Human genetic data are a key resource for target identification4. Integrating information on cell-type-specific expression with disease-associated genetic variants from genome-wide association studies (GWAS) — so-called sc-eQTL — can identify the cell types and effector genes that have a causal role in disease, providing insight into potential therapeutic approaches80. Other strategies that combine GWAS summary statistics with SC transcriptomics quantify the heritability of a gene expression signature derived from scRNA-seq data sets (capturing either a cell type or a biological process)81. Via a method called SC Linker (Box 3), novel relationships between GABAergic neurons in major depressive disorder, disease progression programmes in M cells in ulcerative colitis and a disease-specific complement cascade process in multiple sclerosis have been identified81.

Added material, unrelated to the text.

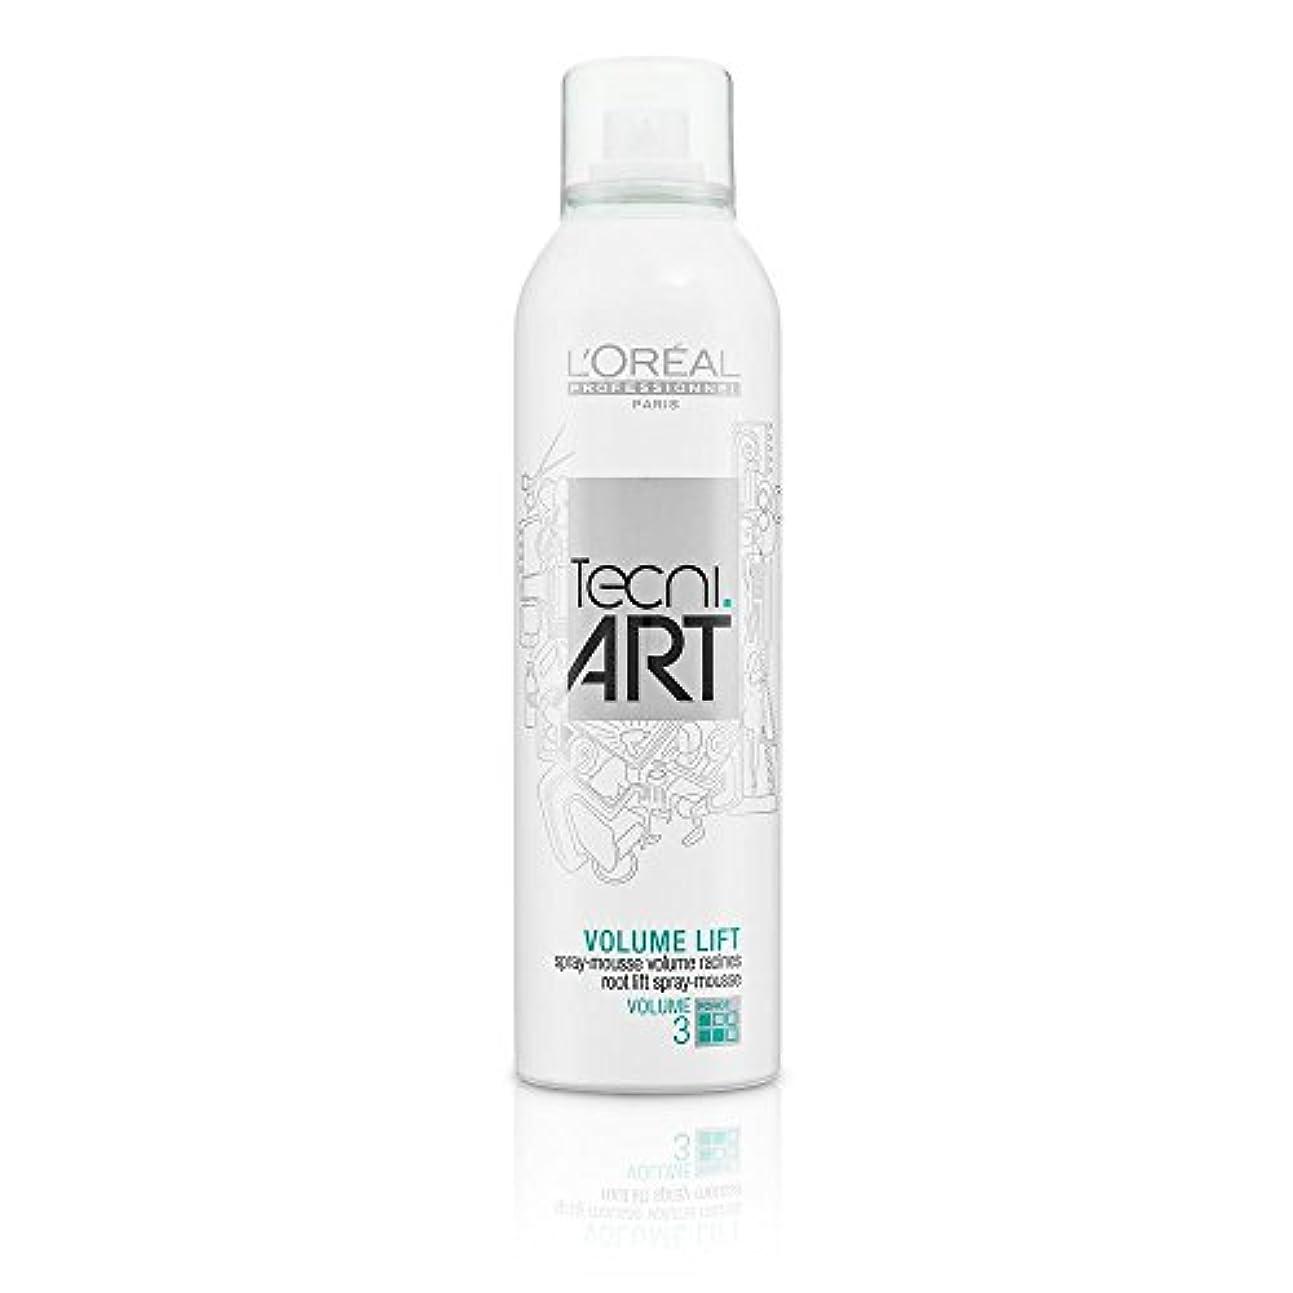 ホステルしてはいけない肺炎L'Oreal Tecni Art Volume Lift - Root Lift Spray - Mousse 250 ml [並行輸入品]

Computational frameworks integrating complementary molecular information have been used extensively to prioritize potential drug targets. For example, GuiltyTargets annotates on protein–protein interaction networks with differentially expressed genes linked to a disease, learns an embedded representation and uses this to predict new targets82. The incorporation of SC data sets into these computational approaches enables the prediction of cell-specific targets. For example, a network-based approach based on SC data sets has been used to prioritize drug targets in arthritis83.
Target credentialling and validation
In target credentialling and validation, confidence in a gene target is established by acquiring and combining evidence from various sources (disease biology, target biology and tractability, genetic studies, etc.). The translational validity of study models may also be examined to better understand potential gaps between the models and the disease biology or therapeutic aim. ScRNA-seq data can inform each of these facets.
Routes to improving confidence in a target include validating functional linkages between the target and the disease biology. Gene targets, gene signatures and cell states affected by individual perturbations and their genetic interactions may all be assessed at once through a scCRISPR screen, allowing target categorization and prioritization. Traditionally, significant resources are involved in target credentialling, and so compromises are often made between the number of targets examined and the complexity and number of readouts. ScCRISPR screening alone or after a genome-wide pooled screen (Box 2) can mitigate this trade-off by allowing tens to hundreds of perturbations to be pooled and profiled at once84,85,86.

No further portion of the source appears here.